→ DATASET SECTION
▼

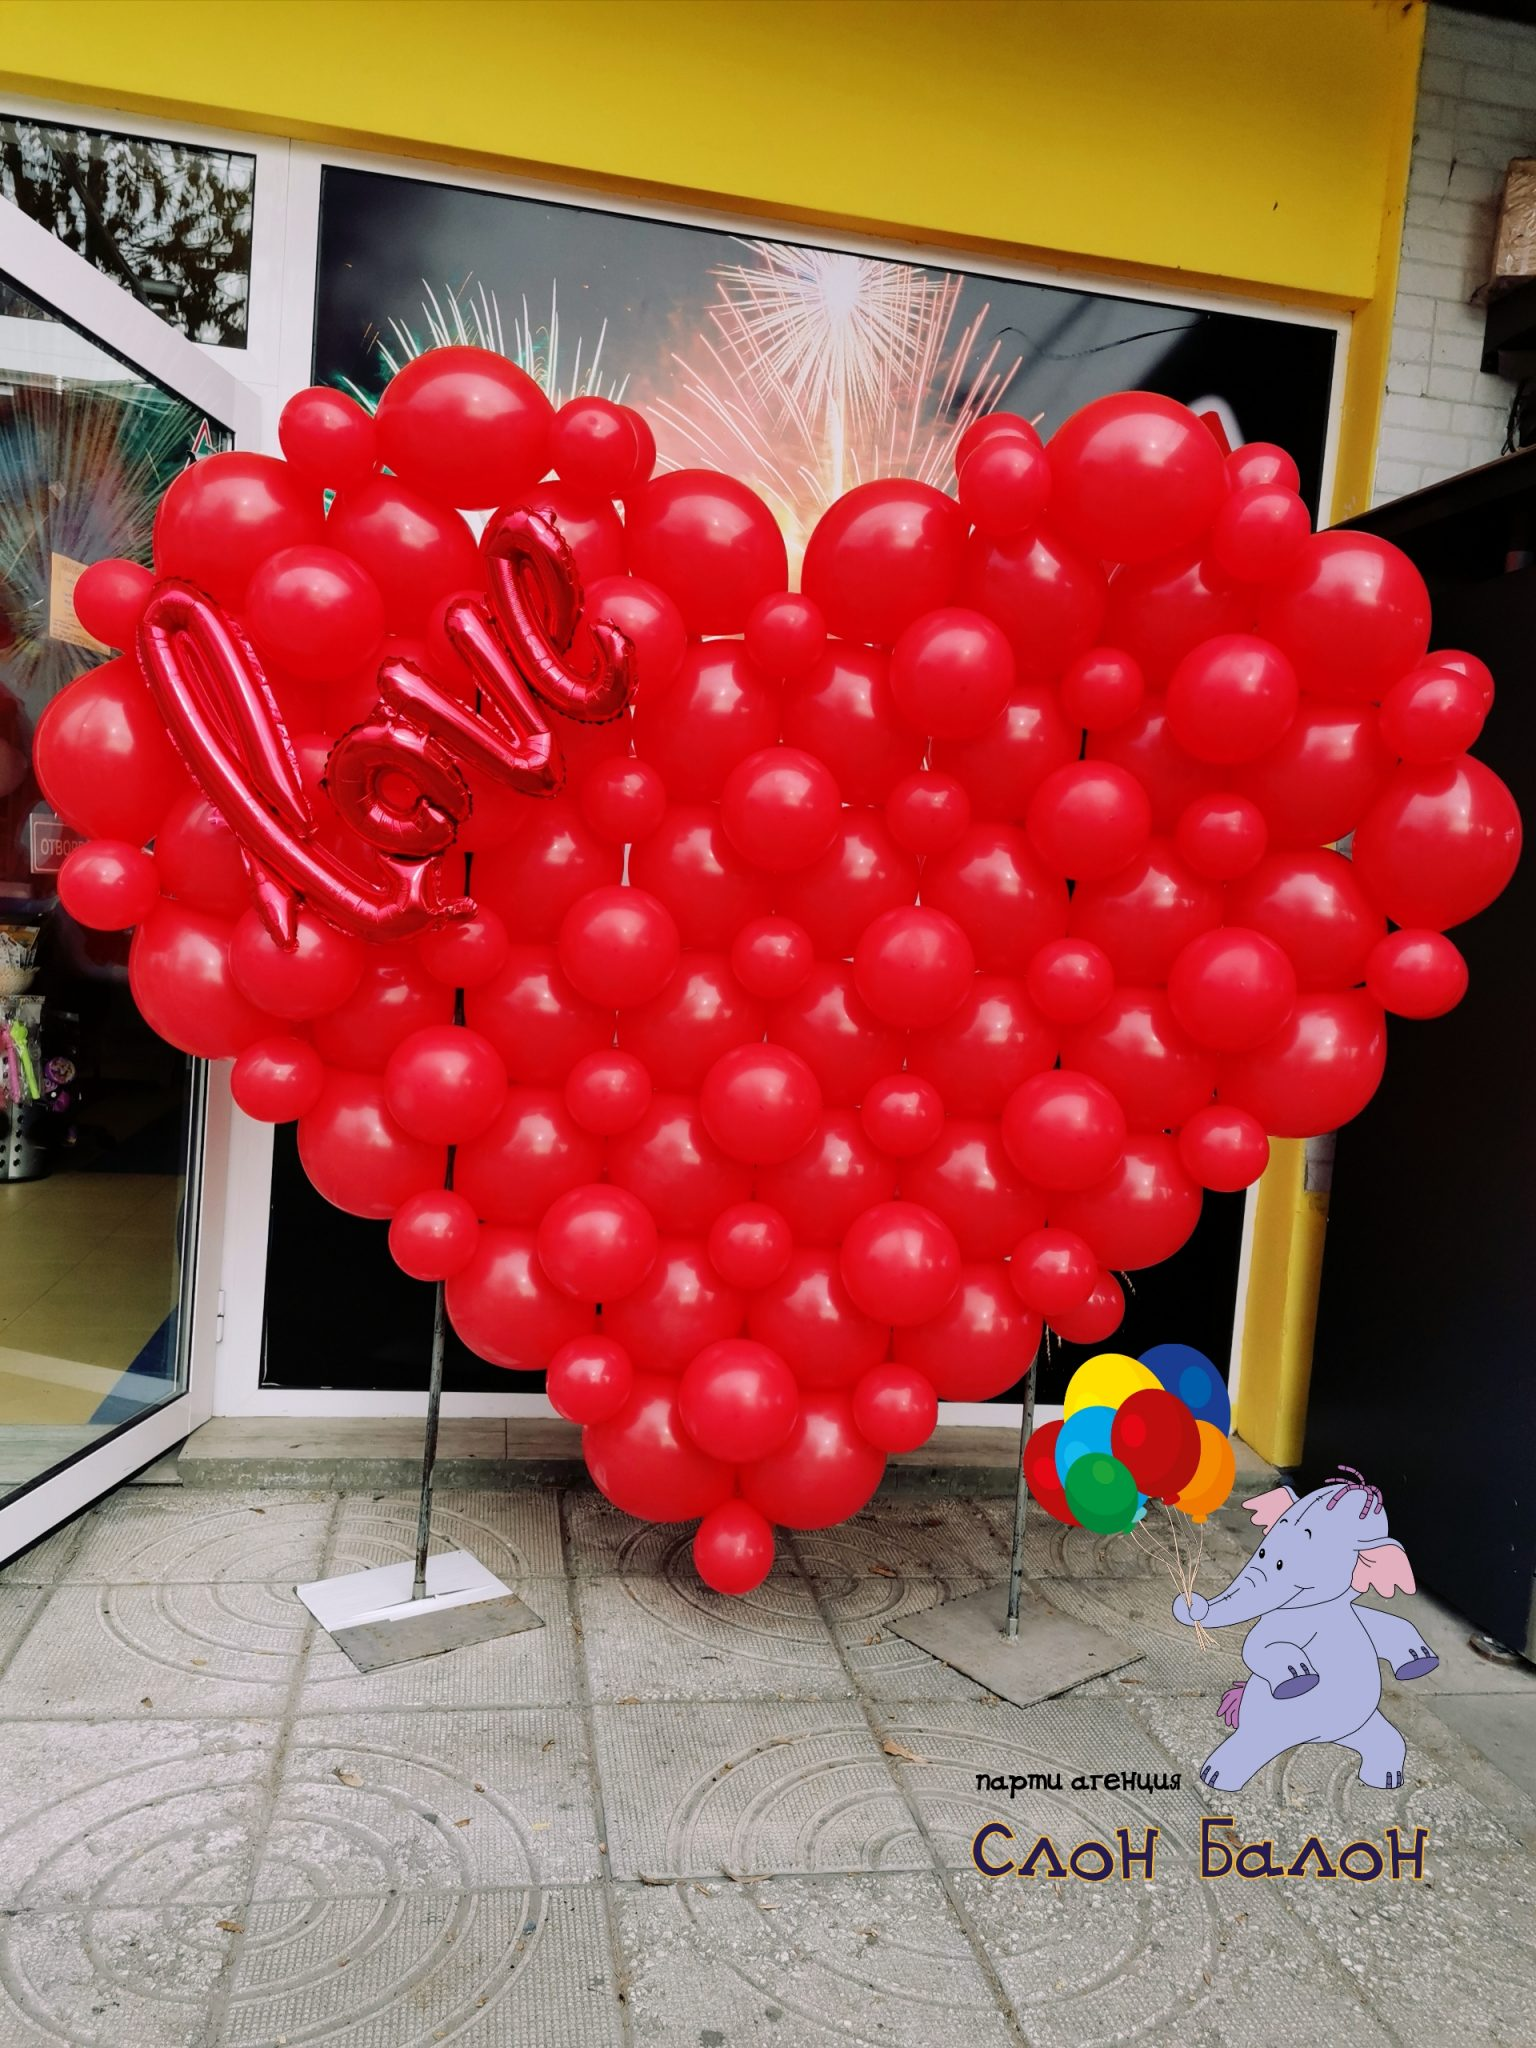 Факт : Около 73 %от мъжете купуват цветя за Св. Валентин 💐 ✅Бъдете оригинални и изберете страхотна балонена украса, за да изненадате любимата жена ❣🎈❣ Очакваме ви в жк Тракия Парти магазин Слон-Балон 📱0876272825
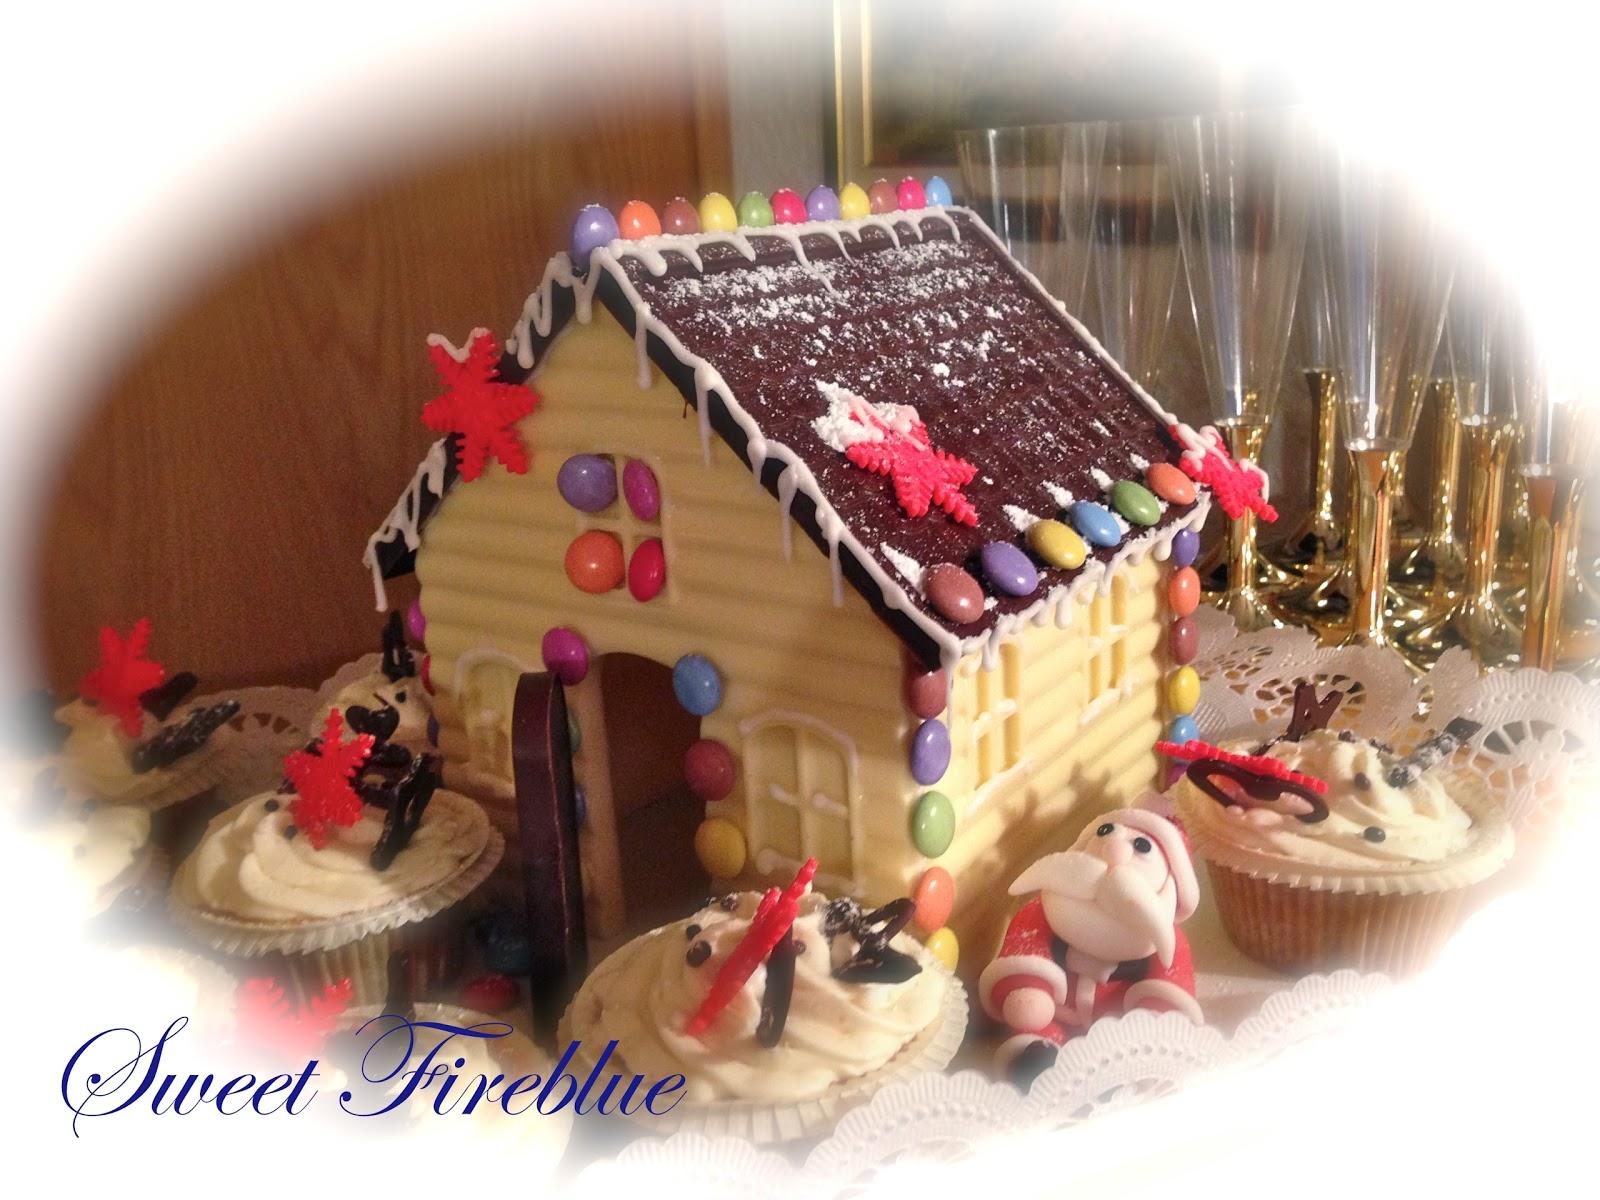 Casetta Di Natale Di Cioccolato : Sweet fireblue la casetta di babbo natale e forse anche della
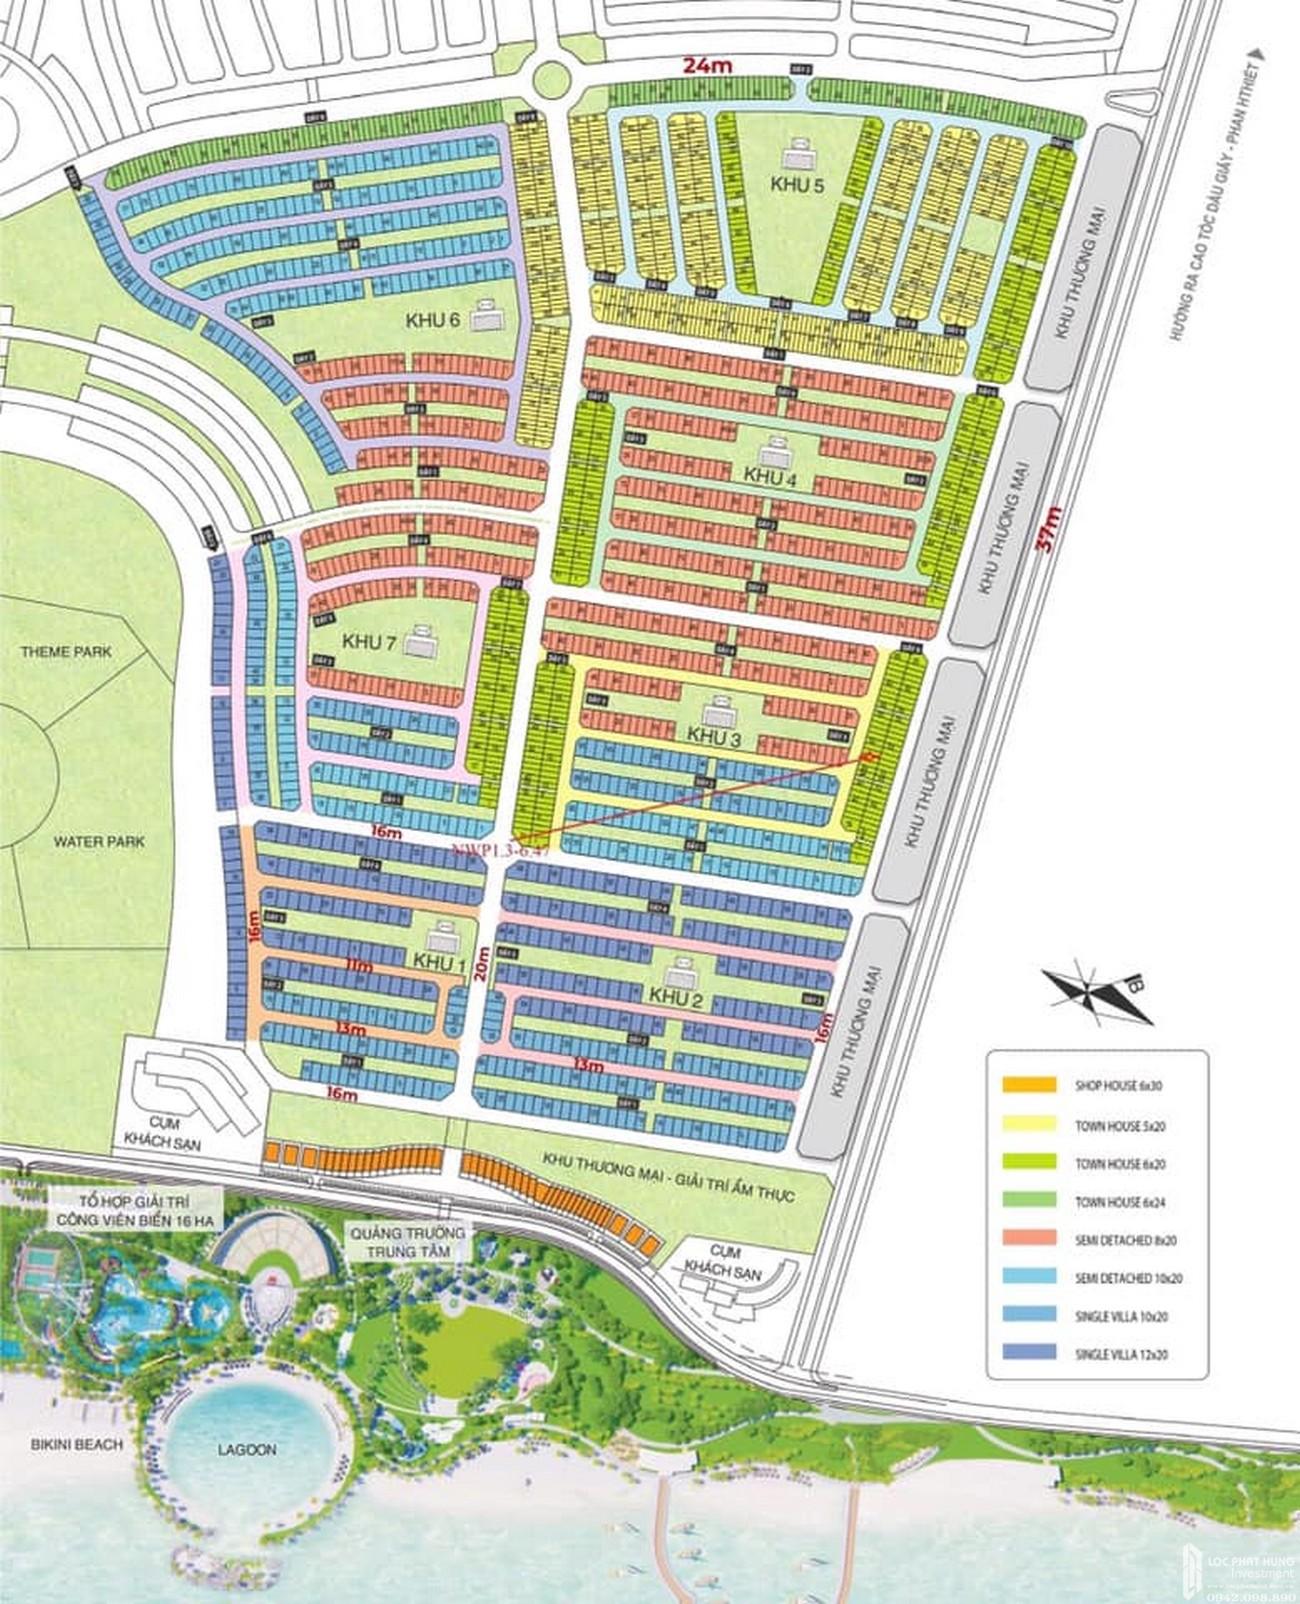 Mặt bằng dự án Khu đô thị Novaworld Phan Thiết đường Lạc Long Quân nhà phát triển Novaland

▲

→ INSTRUCTIONS TO FOLLOW
Print the whole listing above exactly, and keep every picture out of the copy.

→ YOUR RESPONSE
 Факт : Около 73 %от мъжете купуват цветя за Св. Валентин 💐 ✅Бъдете оригинални и изберете страхотна балонена украса, за да изненадате любимата жена ❣🎈❣ Очакваме ви в жк Тракия Парти магазин Слон-Балон 📱0876272825
 Casetta Di Natale Di Cioccolato : Sweet fireblue la casetta di babbo natale e forse anche della
 Mặt bằng dự án Khu đô thị Novaworld Phan Thiết đường Lạc Long Quân nhà phát triển Novaland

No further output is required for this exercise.